If there's a positive, it is Tom Berenger, a very solid actor who never quite became a movie star. Recently I reviewed Rough Riders, Berenger stealing the movie in a showy part as future U.S. president Teddy Roosevelt. This is the polar opposite of that part. It's a quiet, intense, even sinister part. Without question, Berenger's Miles obeys orders, knowing he's doing what is required, no matter how difficult. And then it isn't so cut and dry. Has he been used for more sinister motives? I've always liked Berenger, and this is a solid, not so flashy tough guy part. That's not enough though so Miles is given two different love interests, Liza Rigby (Leslie Hope), the wife of an important Mormon leader, and Miranda Young (Fay Masterson), the daughter of Brigham Young. Three cheers for the unnecessary love story!

The rest of the cast is....well, interesting. Heston makes more of an extended cameo as the respected Mormon leader, Brigham Young. This is Hollywood legend Charlton Heston, glaring and growling through his part. Still, it is a Hollywood legend, providing some legitimacy just by being there. The same for James Coburn in a fun part as an aging Mormon trailsman, Porter Rockwell, who hasn't met his match, even training Miles for everything his job as a Danite will throw at him. Also look for Kevin Tighe, Jeffrey Jones, Tom Bower and Daniel Quinn as assorted Mormon leaders, some more important than others. It was also cool to see Andrew Prine in a cool one-scene appearance as a newspaper publisher who isn't afraid to ruffle some feathers through his stories. 

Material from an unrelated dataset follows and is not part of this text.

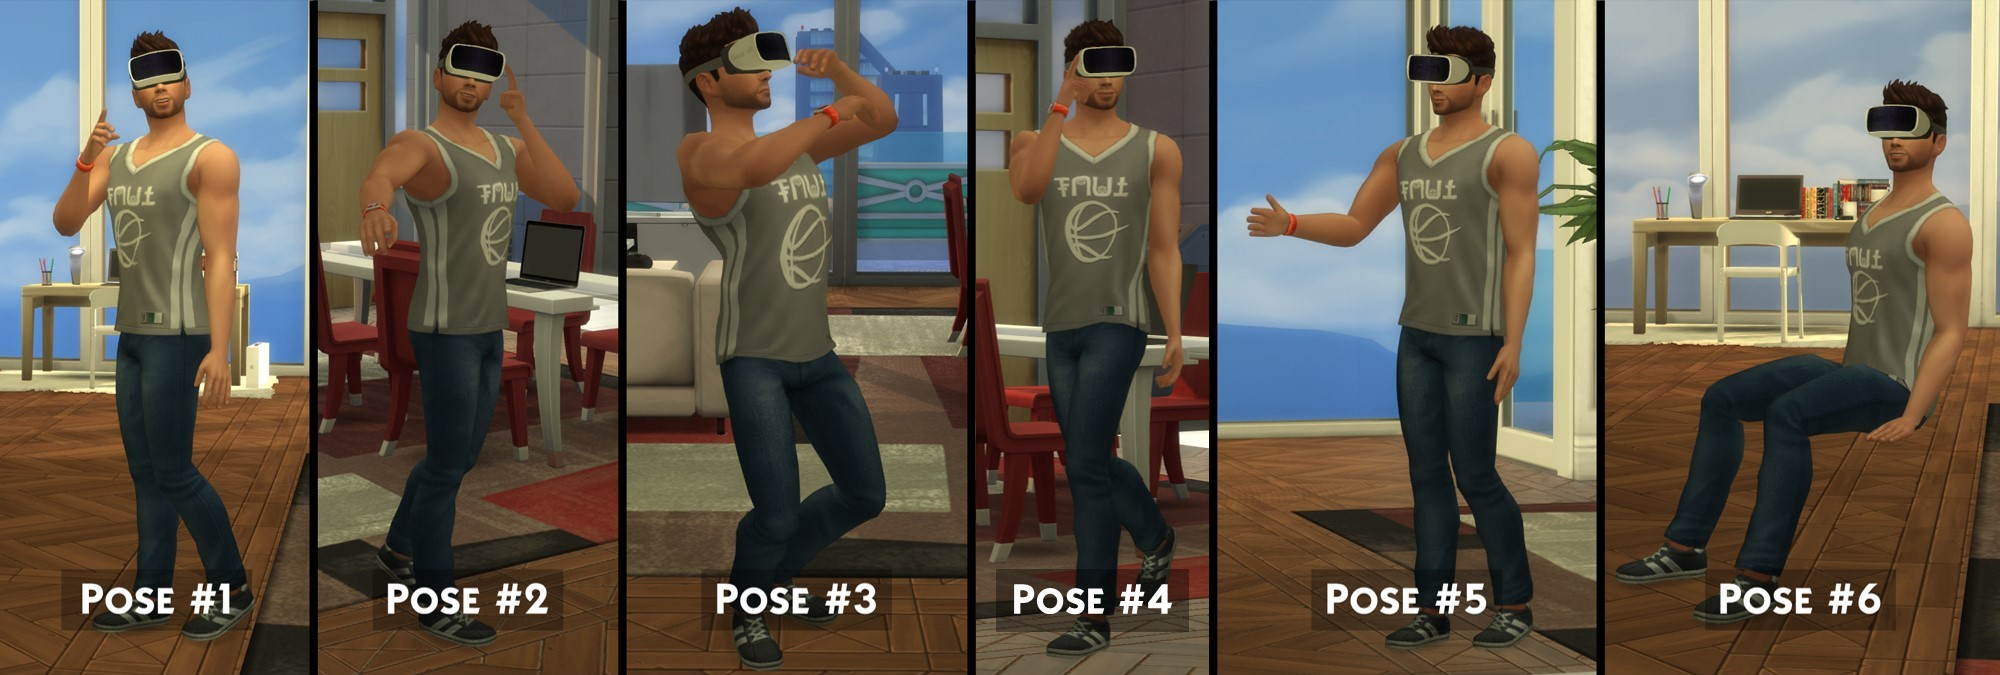 Mod The Sims - Samsung Gear VR [2015]

I guess the worst thing you can say about this flick is its predictability. Once we've met everyone involved -- in other words, the suspects -- I thought it was pretty easy to piece it all together. When the twists come revealing who's behind this big, bad, evil plot, it doesn't really come along as a twist. That's the movie in a nutshell. Not surprising and could have been better. I'll give Berenger credit though. As another reviewer pointed out, he's got a knack for finding little known stories of American history, like here and in 1999's generally forgotten One Man's Hero. That one's good and Rough Riders was really good. This one's not that memorable.